Again, we start by writing decoders for each case:

adminDecoder : Decoder User
adminDecoder =
  JD.map Admin (JD.field "email" JD.string)

regularUserDecoder : Decoder User
regularUserDecoder =
  JD.map RegularUser (JD.field "email" JD.string)

The JSON for both of these would have the same shape so we can’t use oneOf. Instead, we’ll have to decode based on the values of some of the fields in the JSON. In this particular case, the backend team have helpfully added a role field to the JSON that will be either "regular" or "admin":

userFromType : String -> Decoder User
userFromType string =
  case string of
    "regular" -> regularUserDecoder
    "admin" -> adminDecoder
    _ -> JD.fail ("Invalid user type: " ++ string)
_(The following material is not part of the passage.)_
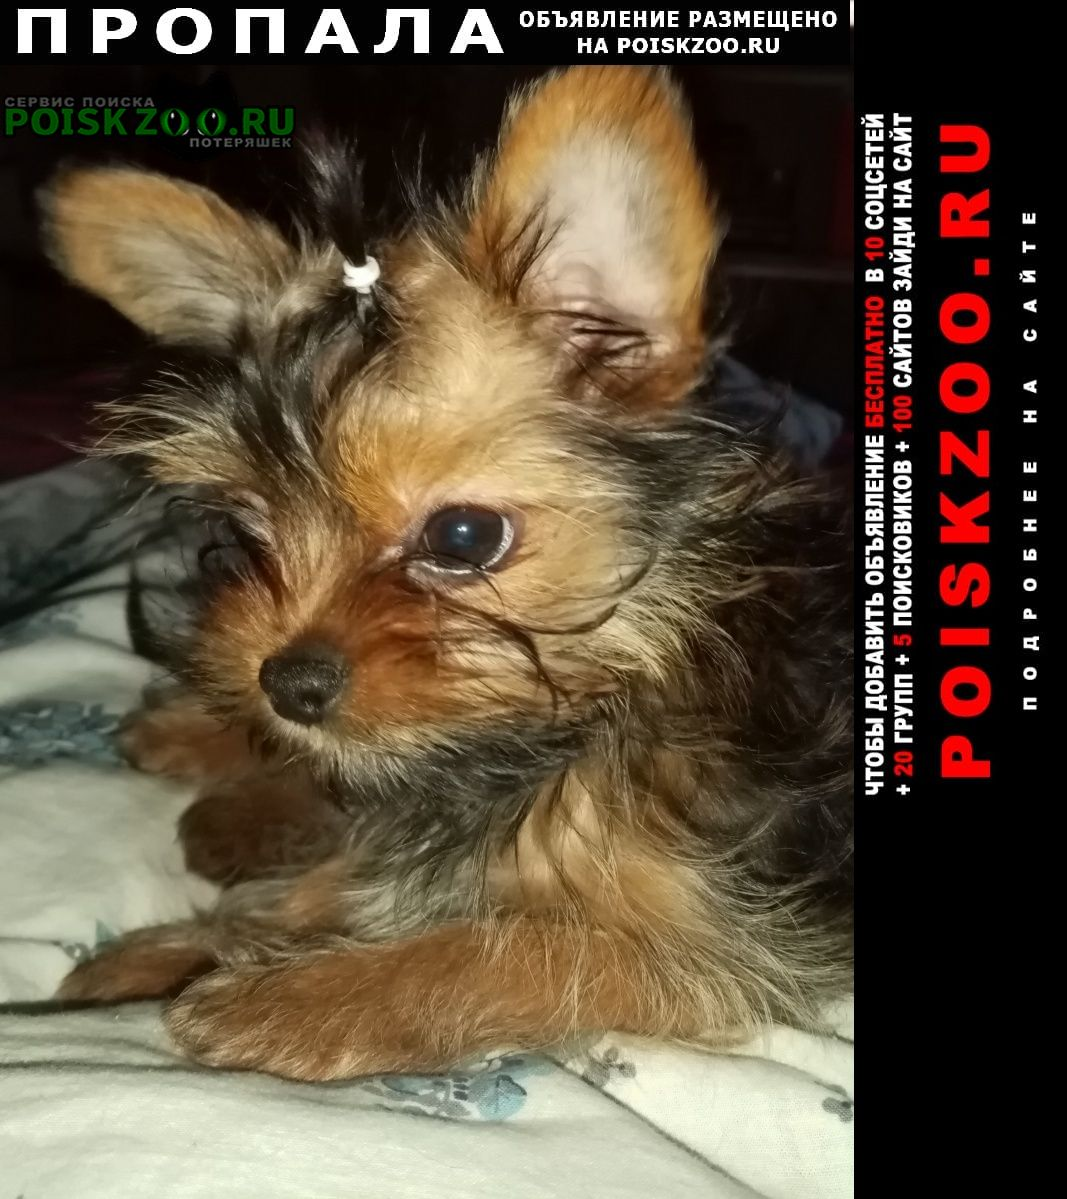 Пропала собака кобель щенок, 7 месяцев Санкт-Петербург

userDecoder : Decoder User
userDecoder =
  JD.field "role" JD.string
    |> JD.andThen userFromType

See it in action in Ellie.

General tips

When you need a different decoder depending on context, start with the smallest pieces by writing a small decoder for each case.

Once you have decoders for each case, look to see how you will know which decoder to pick. Write a function that picks the right decoder based on your decision.

Finally, put it all together using functions like JD.andThen.